= Exercise data =
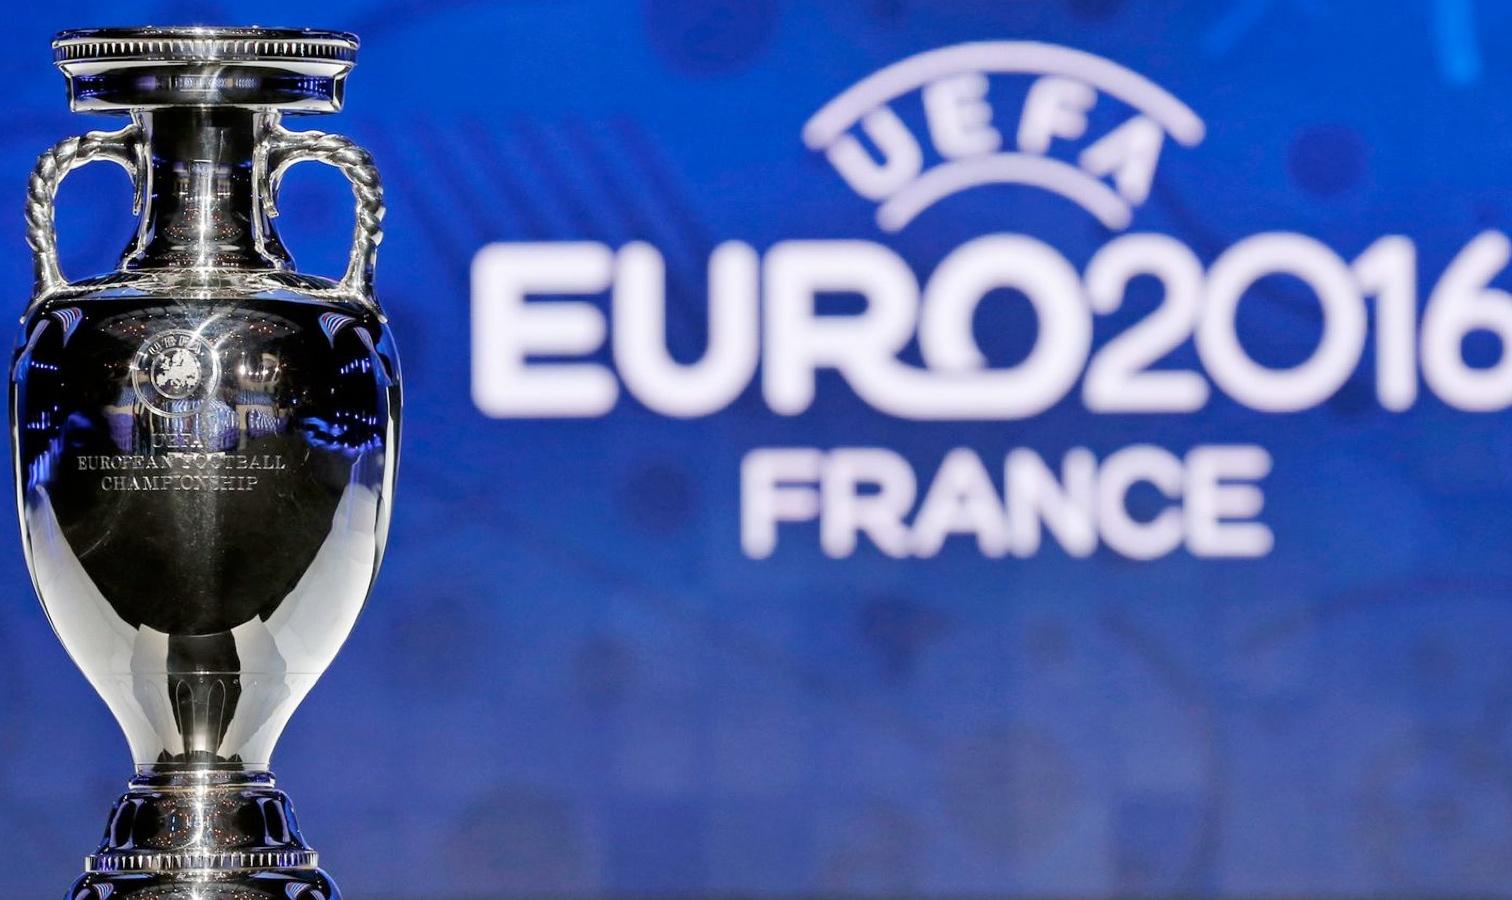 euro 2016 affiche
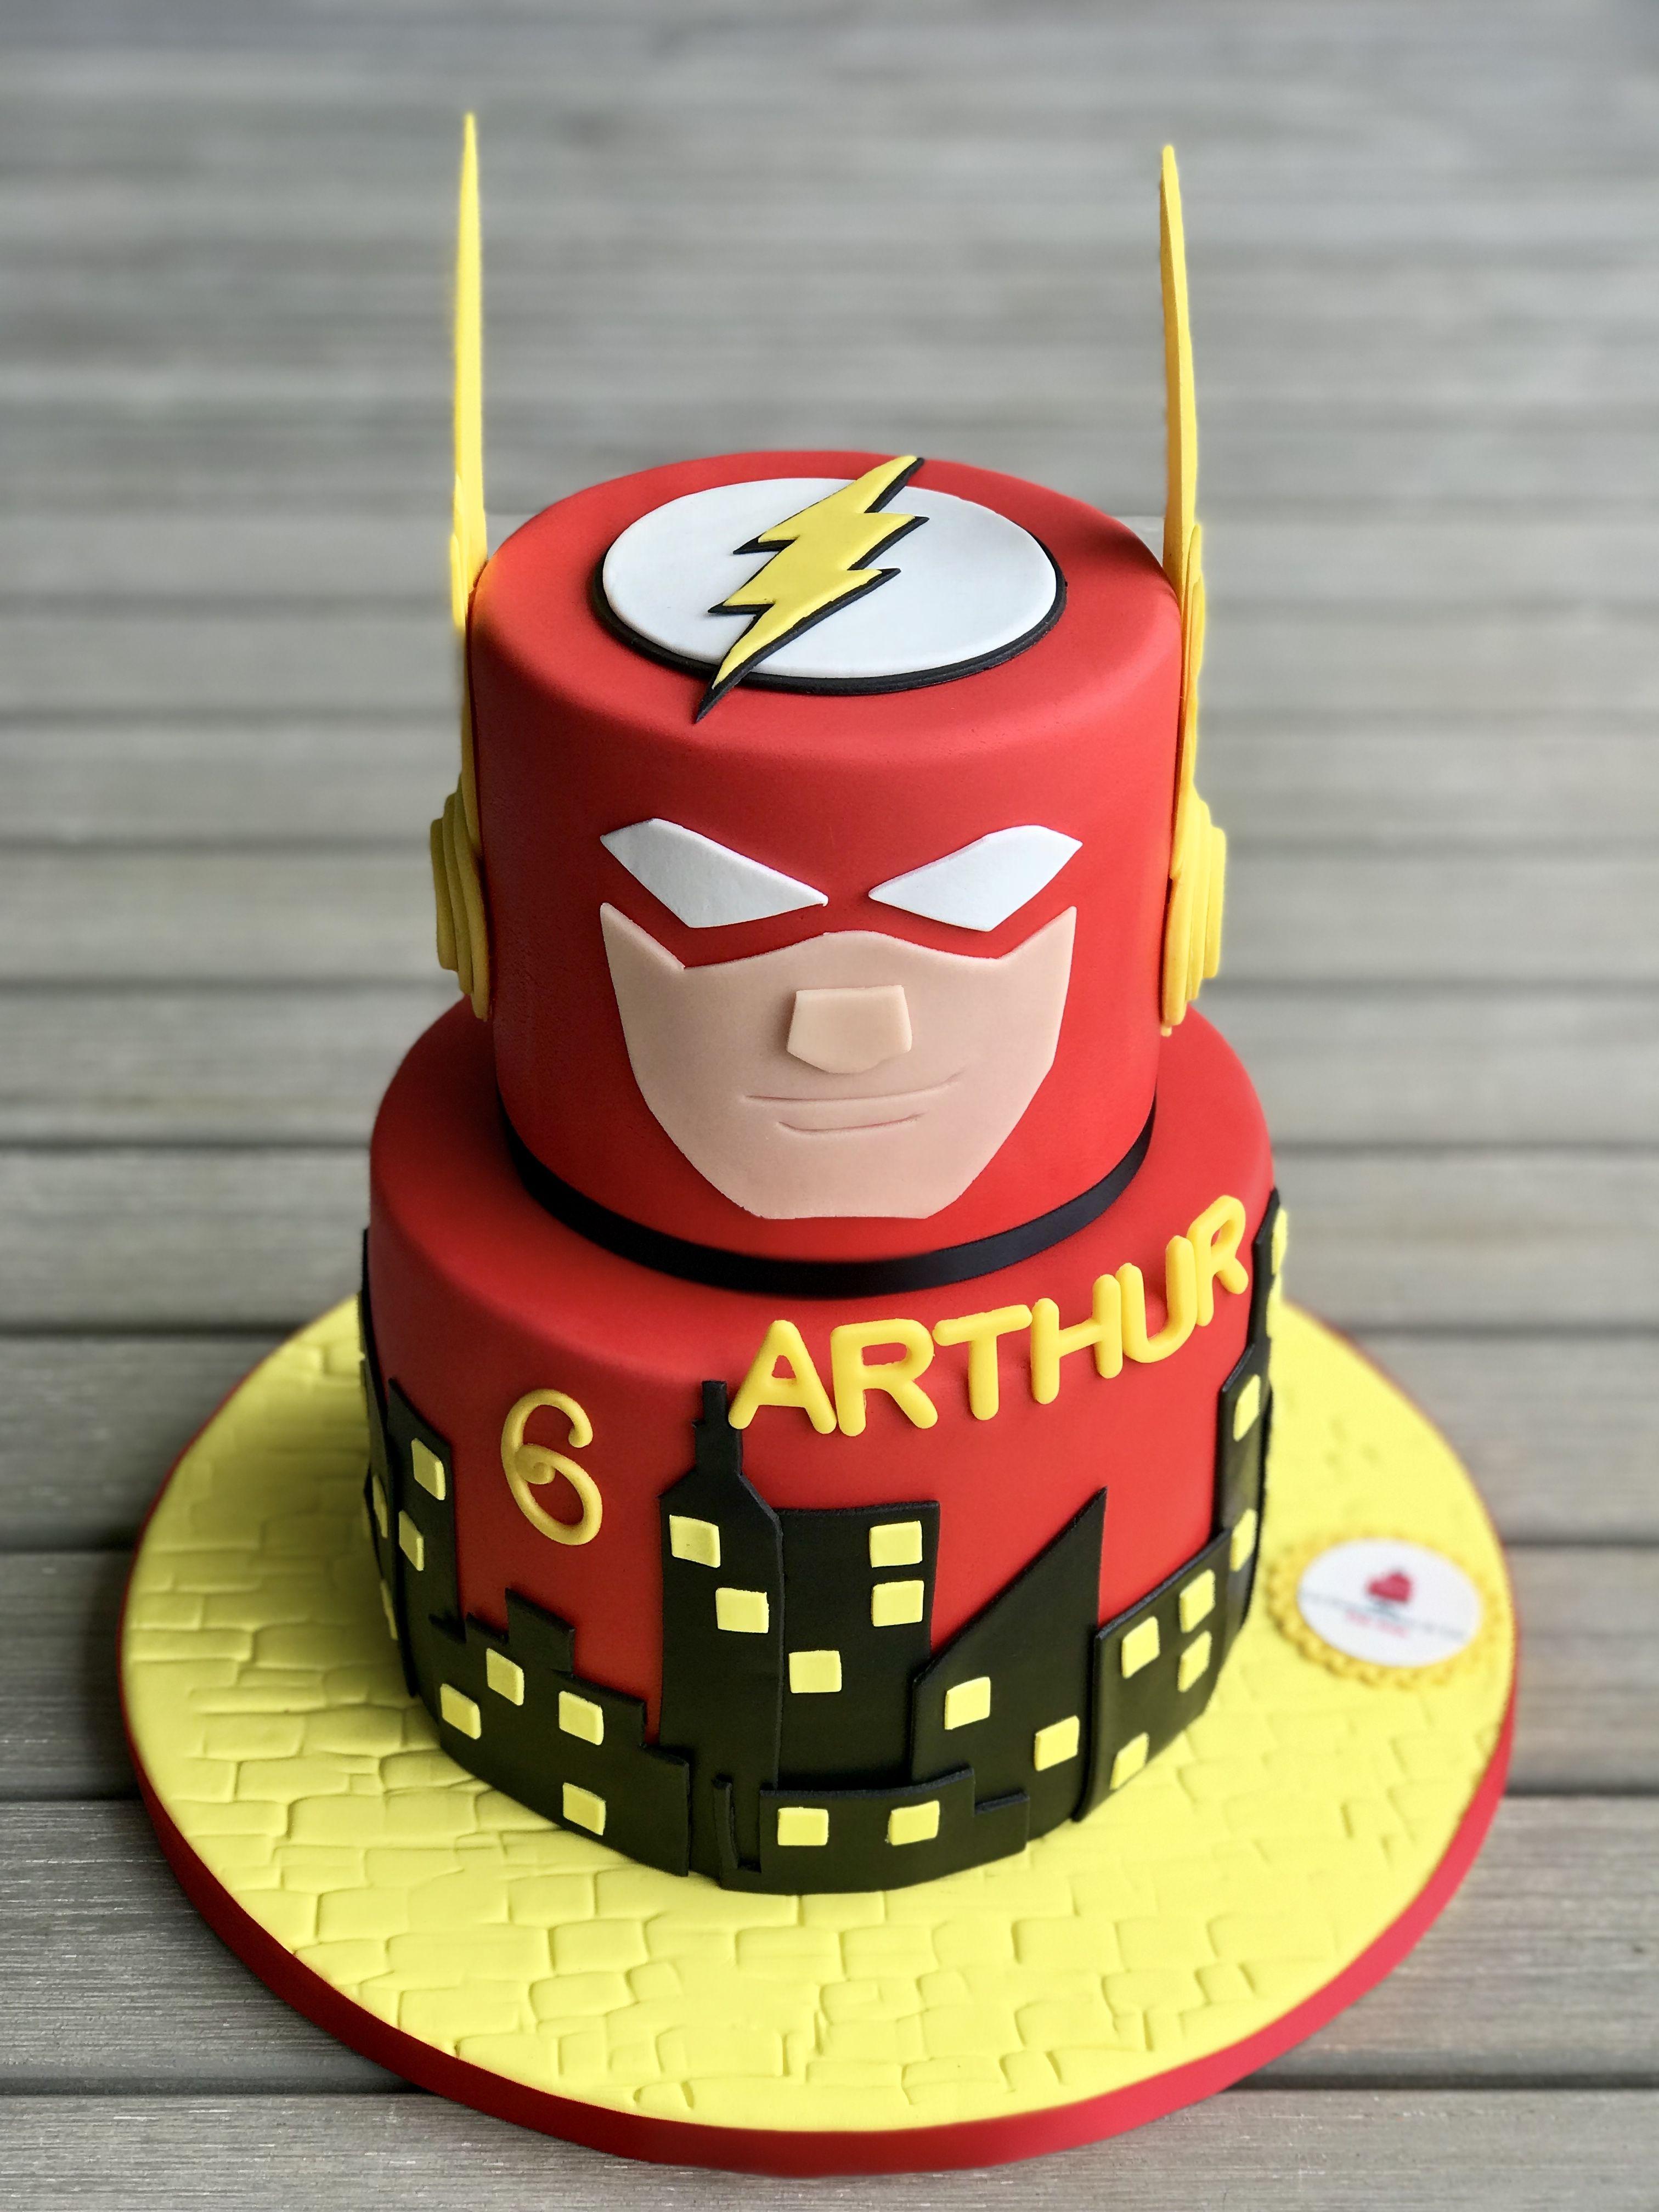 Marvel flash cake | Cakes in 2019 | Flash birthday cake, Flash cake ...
---
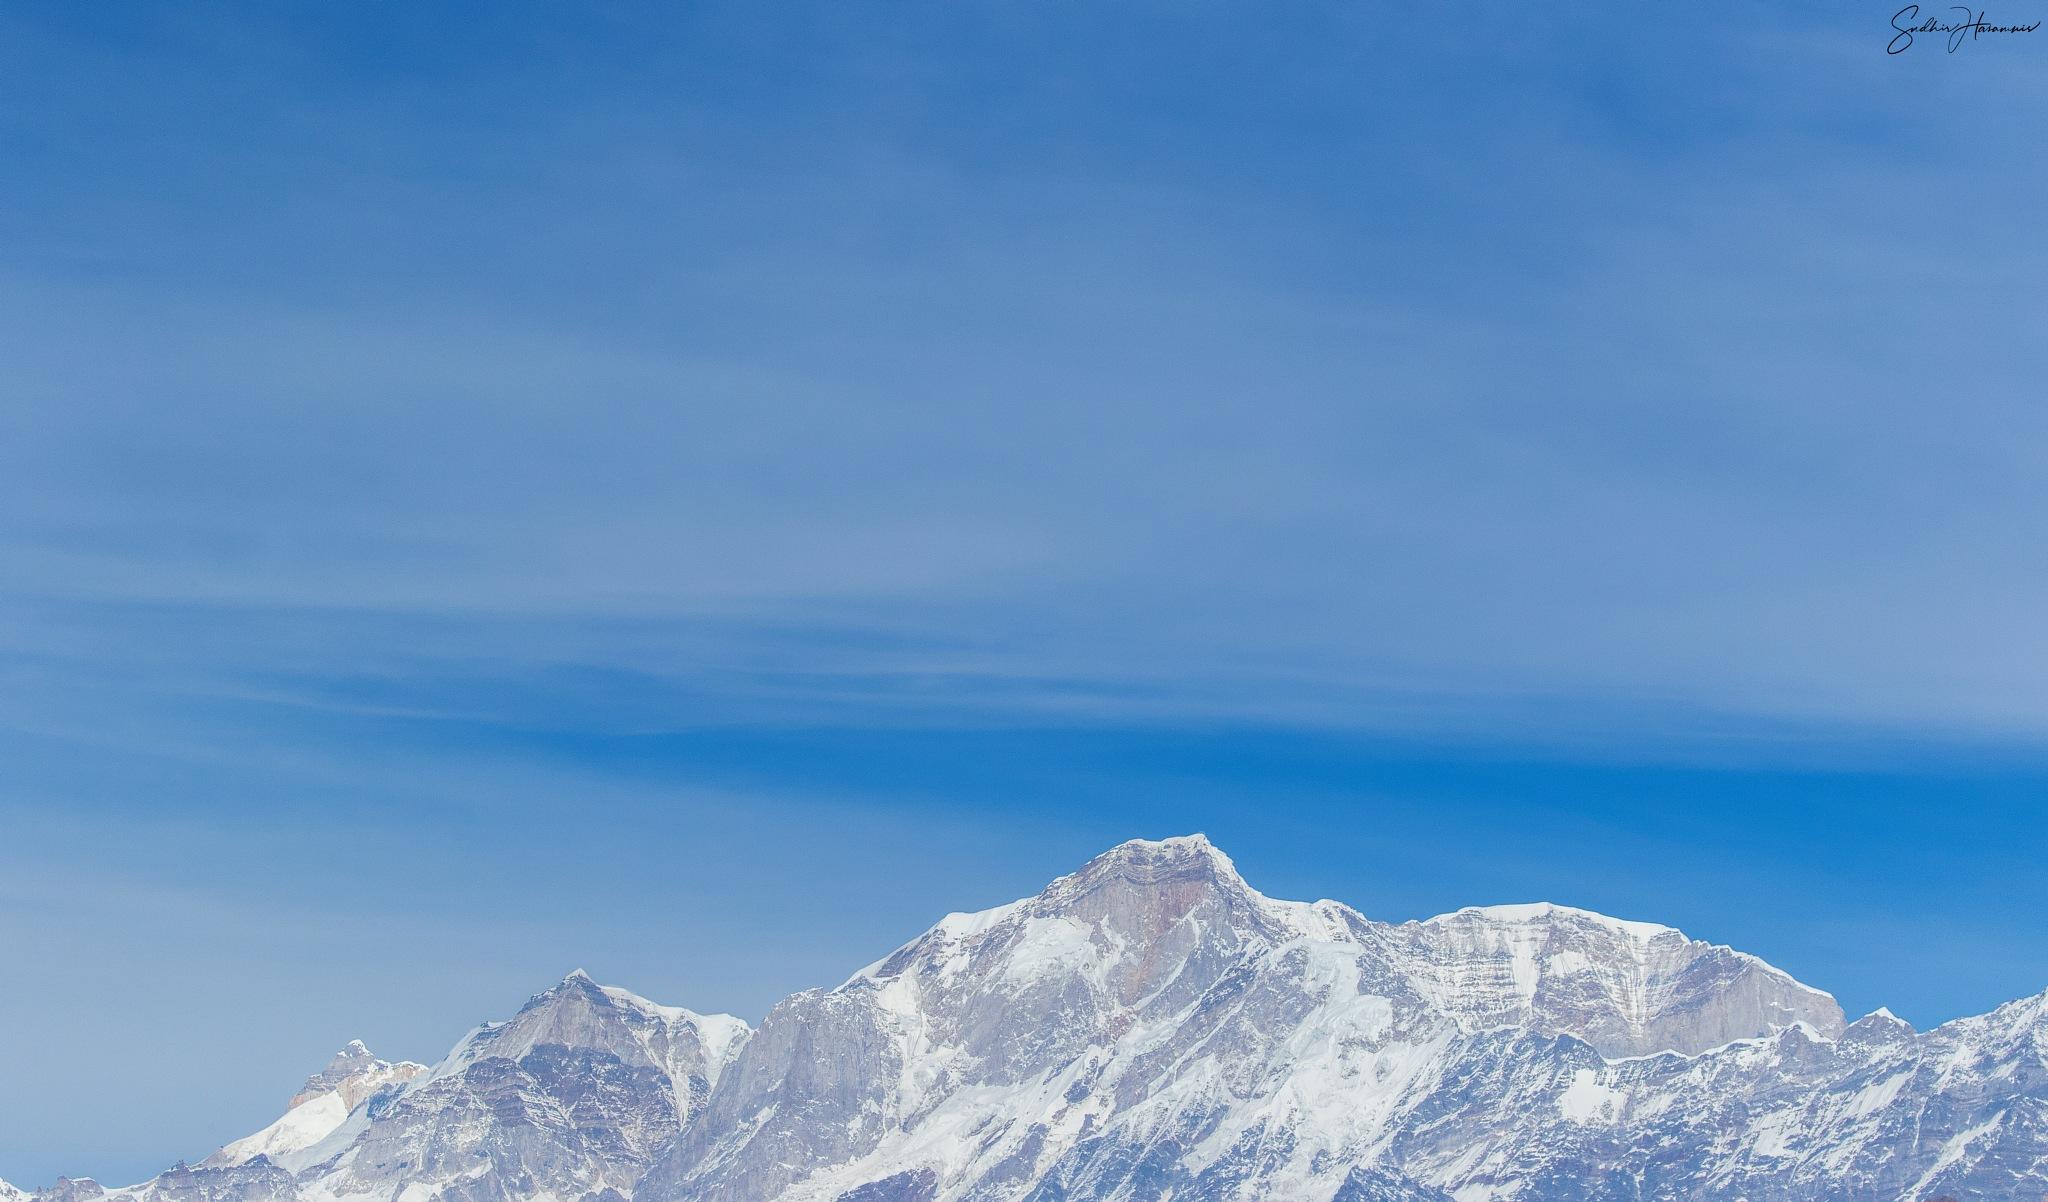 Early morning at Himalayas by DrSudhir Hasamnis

= Exercise prompt =
Only one stretch of the entries above is needed: the lines from the one containing "euro 2016 affiche" through the one containing "Marvel flash cake". Copy it exactly, without the pictures.

= Your response =
 euro 2016 affiche
 Marvel flash cake | Cakes in 2019 | Flash birthday cake, Flash cake ...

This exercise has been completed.